Thinking Differently about Leadership

Thinking Differently about Leadership

A Critical History of Leadership Studies

New Horizons in Leadership Studies series

Suze Wilson

This book is a critical historical analysis of leadership thought in the Western tradition, examining Classical Greek, medieval and modern social scientific theories of leadership, focussing on the assumptions and effects which arise from these ways of understanding leadership and offering a new basis for leadership theory-building.

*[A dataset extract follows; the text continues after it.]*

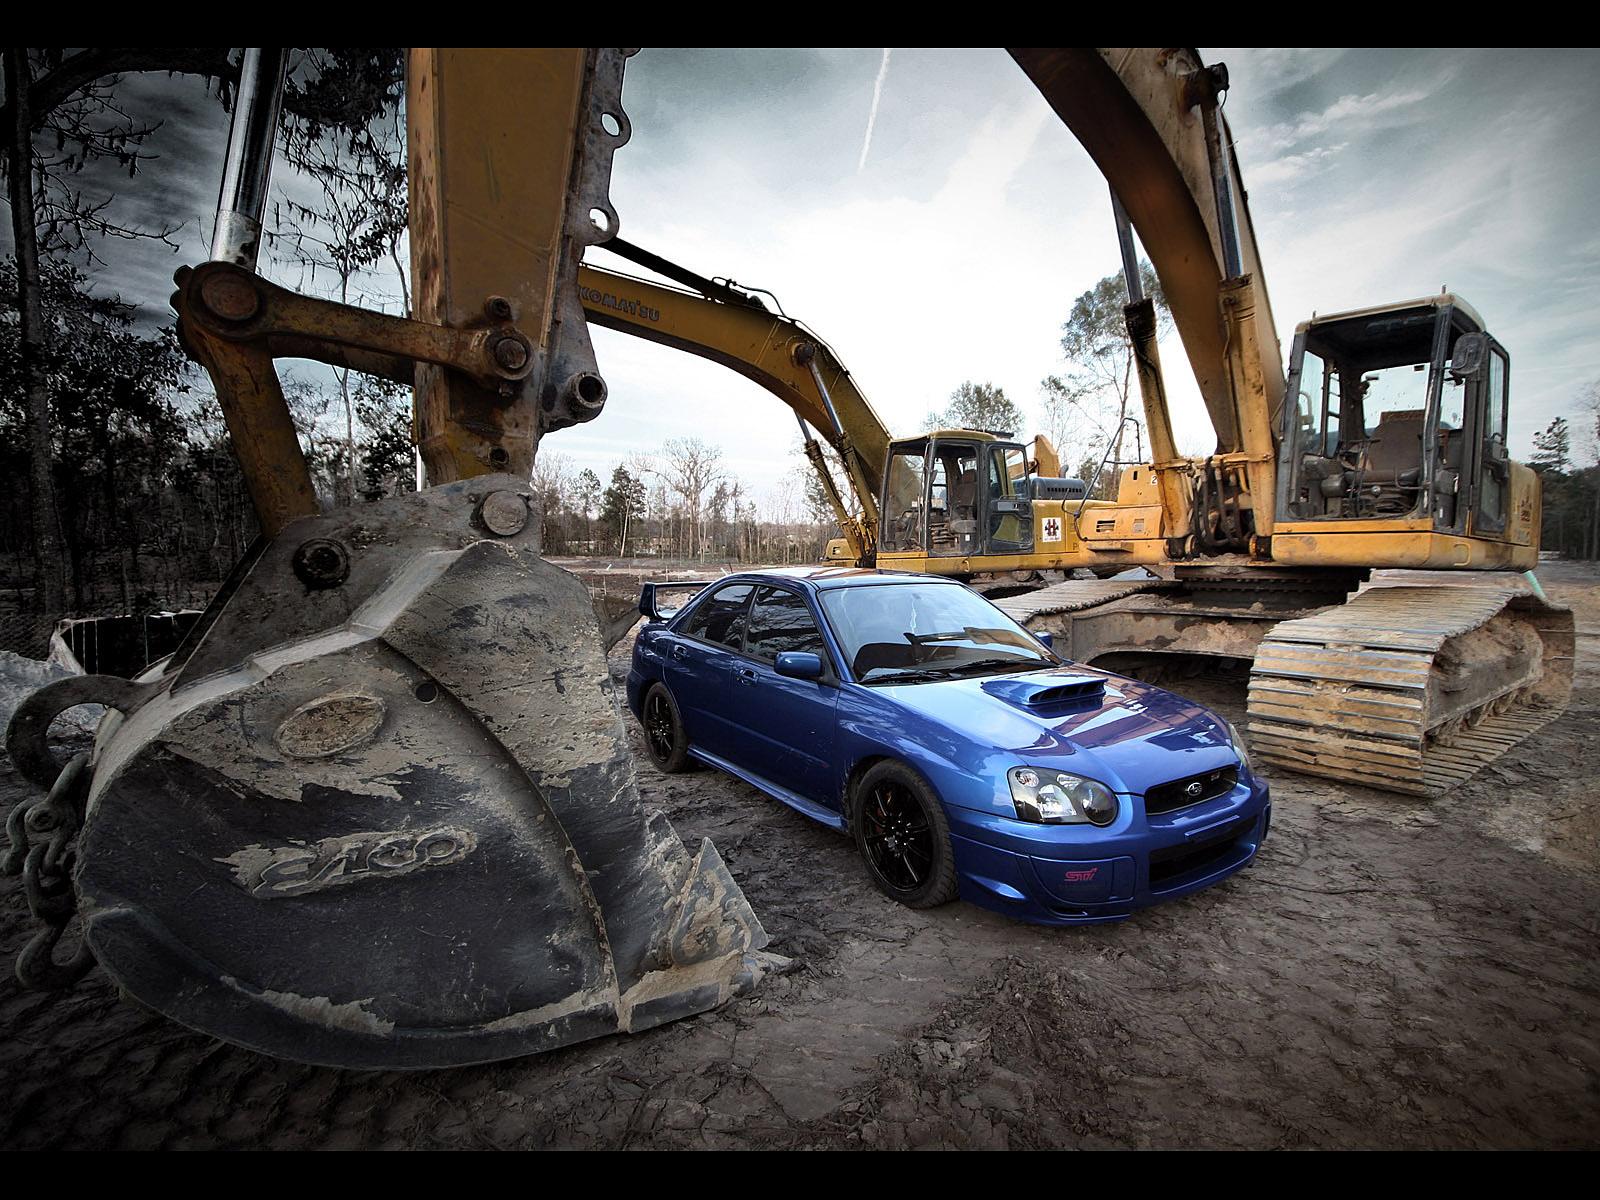 http://4.bp.blogspot.com/-Ku4orOAyV9M/TwC1hGiQiKI/AAAAAAAADtc/m7YgE0K2VD0/s1600/Subaru+Impreza+WRX.jpg

Chapter 7: Change and continuity in the truth about leadership

Suze Wilson

Subjects: business and management, business leadership, politics and public policy, leadership


The preceding four chapters have focused on examining what Western scholars have claimed to be the truth about leadership in different epistemes, including our own. In this chapter, attention turns to examine what changes and continuities are notable when comparing these discourses. To do this, the analysis now moves back and forth across the whole gamut of leadership discourses previously examined. Changes in thought which are of particular interest here are those that are unexpected, which run counter to the normal expectation and assumption that what we have today is superior to that of the past. Similarly, the continuities in thought of particular interest here are also those which run counter to the normal expectation that the present is significantly different from the past. Identifying these possibly unexpected changes and continuities extends the scope of my earlier analysis by identifying connections between the present and the past in leadership discourse, consistent with Foucault’s concept of the ‘history of the present’. The examination undertaken here offers insight into the historical influences embedded within current understandings. It also enables consideration of past truths no longer operant for their potential utility in respect of current concerns and values. Cumulatively, surfacing these matters could help provide us with a potential ‘rallying point for the counterattack’ to challenge current norms and understandings. This focus on identifying both change and continuity in leadership thought calls into doubt conventional assumptions about the accumulation of knowledge.